Sunday, April 27, 2008

stop spam. read books.

I just discovered something so cool I had to put off homework a little while longer and blog about it. I was reading the excellent blog learning.now ("At the crossroads of Internet culture & education with host Andy Carvin"), and I noticed at the bottom of the entry in the space for comments, it required the commenter to type two obscured words, to make sure only real people could comment.

The first thing that struck me was that it asked for two words, instead of the standard one. The second thing I noticed was that there is an audio alternative for people who are visually impaired. This is fantastic. Then I noticed "stop spam. read books," and I was very intrigued. I went to the reCAPTCHA website and learned more.

It turns out they work with book digitization projects like the Internet Archive, and when you type in the distorted word, you are reading a word that a computer could not recognize with OCR (I guess the computer knows when it's not reading a word right). They put one word they already know and one they don't, so if you get one right they know you probably got the other one right. They give the same word image to multiple people to get a higher accuracy rate.

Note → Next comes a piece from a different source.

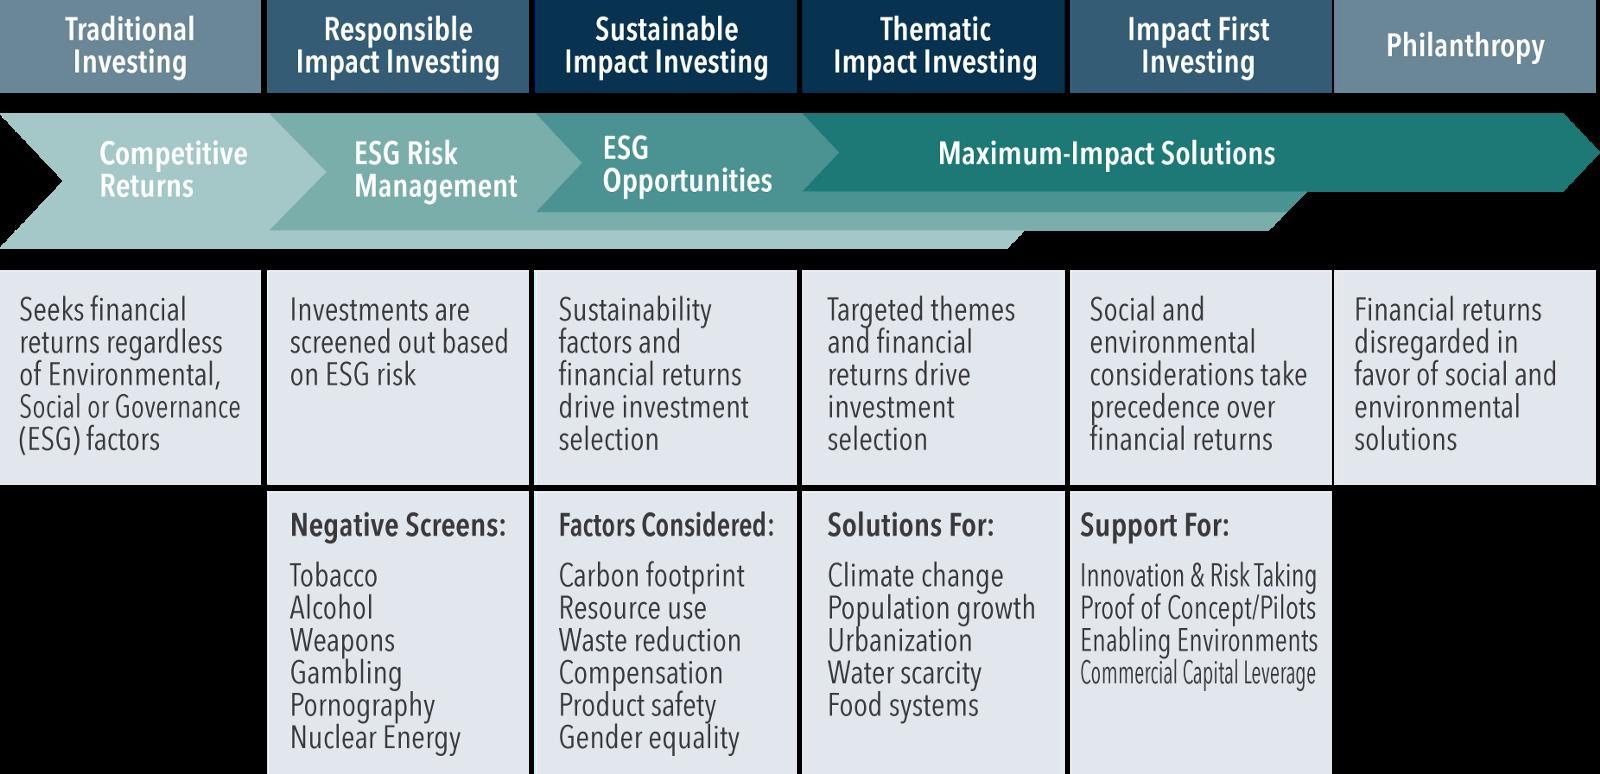 Impact Investing Spectrum by Sonen Capital

So, for example, in the image above, they might already know that the first word is "Germantown," but their OCR software couldn't read the second word, "were." When I type in "Germantown were," I am helping the Internet Archive turn scanned images of a book page into digital text. Awesome. It looks like you can add it to your WordPress blog, among others, but I didn't see a way to attach it to Blogger.

2 comments:

Eric said...

thanks for the info! was wondering what that meant!

Anonymous said...

Holy shit man, thanks lil bro